Хотя, если Ерошкин был прав, это ставило крест на надеждах НКВД остановить Веру; вины турка здесь не было, в любом ином случае воркутинцы давным-давно были бы мертвы, лежали где-нибудь во рву. Это была та цена, какую все они заплатили, чтобы остаться живыми.
Зима сорок первого – сорок второго годов, начатое ими тогда совместное восстановление жизни Веры так их между собой сблизили и сплотили, что к пятьдесят второму году иначе как на целое они на себя уже не смотрели. Одна мысль, что вот сейчас они выйдут из своей коммуны, где их и поят, и кормят, и дают кров, главное, где им никто не мешает дни напролет заниматься Верой, вгоняла зэков в ужас. Неудивительно, что за несколько дней перед тем, как надо было идти к Вере, тот, чья была очередь, самым натуральным образом начинал сходить с ума, и это сразу передавалось остальным. Истерика начиналась, как правило, ровно за неделю и продолжалась, пока очередной кандидат не возвращался обратно в коммуну.
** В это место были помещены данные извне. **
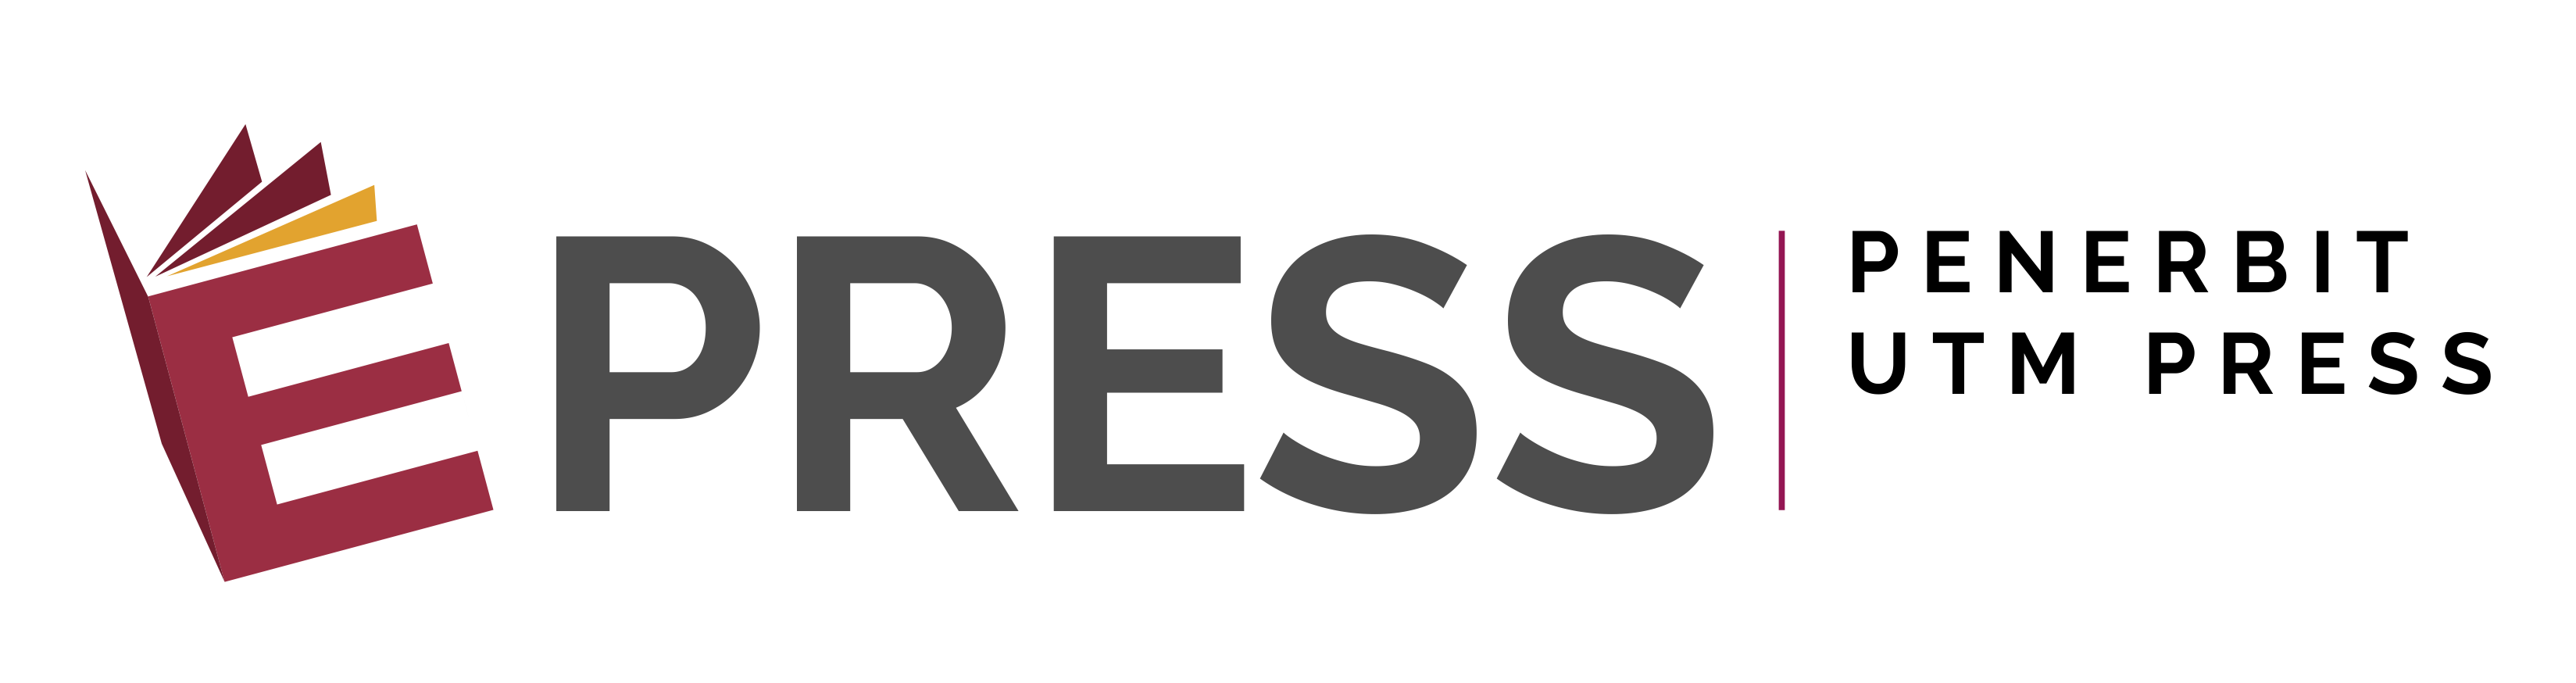 Logo Epress Default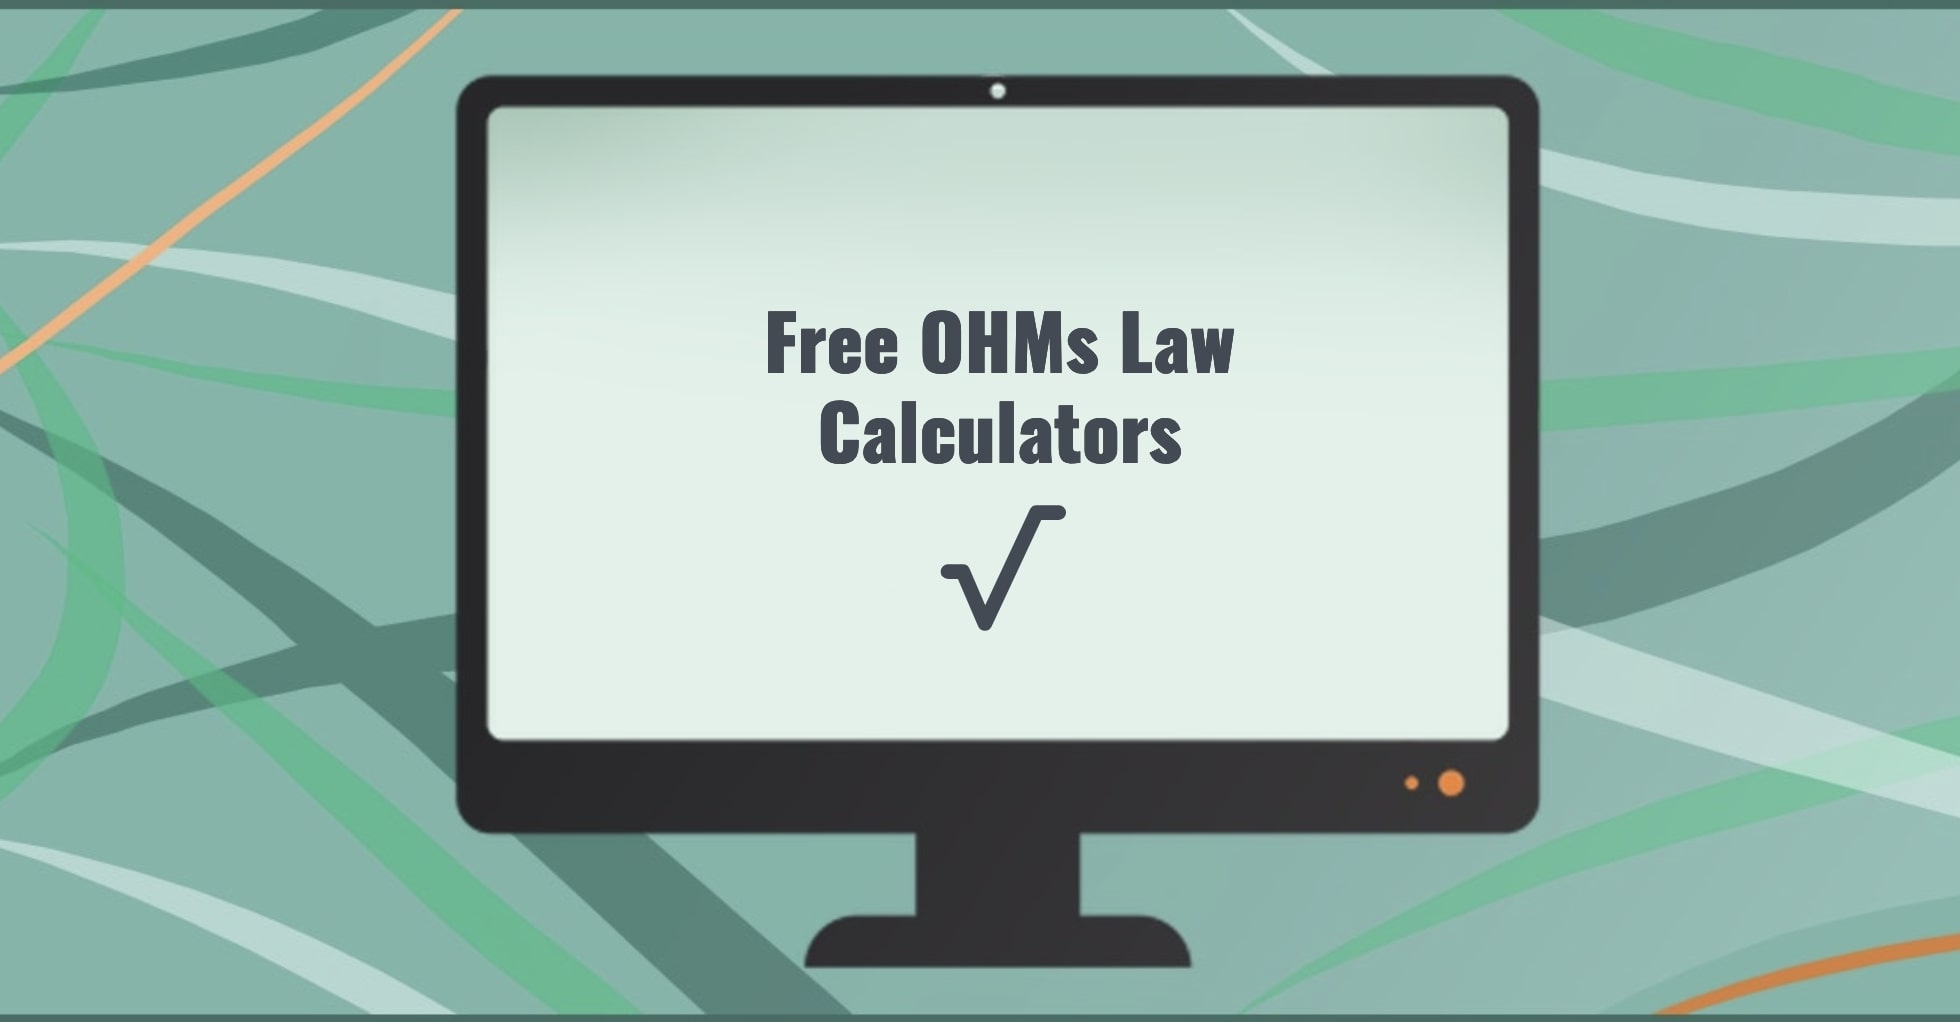 Free OHMs Law Calculators

Однажды во время подобной смуты турок, делая доклад Ерошкину, сказал, что знает, что зэки еще в Москве подписали по два обязательства: первое – обычное, о неразглашении, а кроме того, каждый из них заявил, что он гарантирует, что Вера возвращается именно к нему и, когда она до него дойдет, дальше будет уже жить, как все. И вот эти истерики было бы легко ослабить или даже вовсе свести на нет, если бы Ерошкин согласовал в Москве изменение второго обязательства. Не каждый из них по отдельности обязуется, что он Веру остановит, а все они вместе, коллективом.
Во время очередного телефонного разговора Ерошкин рассказал это Смирнову, и тот к предложению турка отнесся с интересом, попросил прислать докладную. Позже Ерошкин слышал, что она обсуждалась в высоких московских кабинетах, впрочем, ни во что конкретное это не вылилось, бумага ходила-ходила, а затем о ней благополучно забыли.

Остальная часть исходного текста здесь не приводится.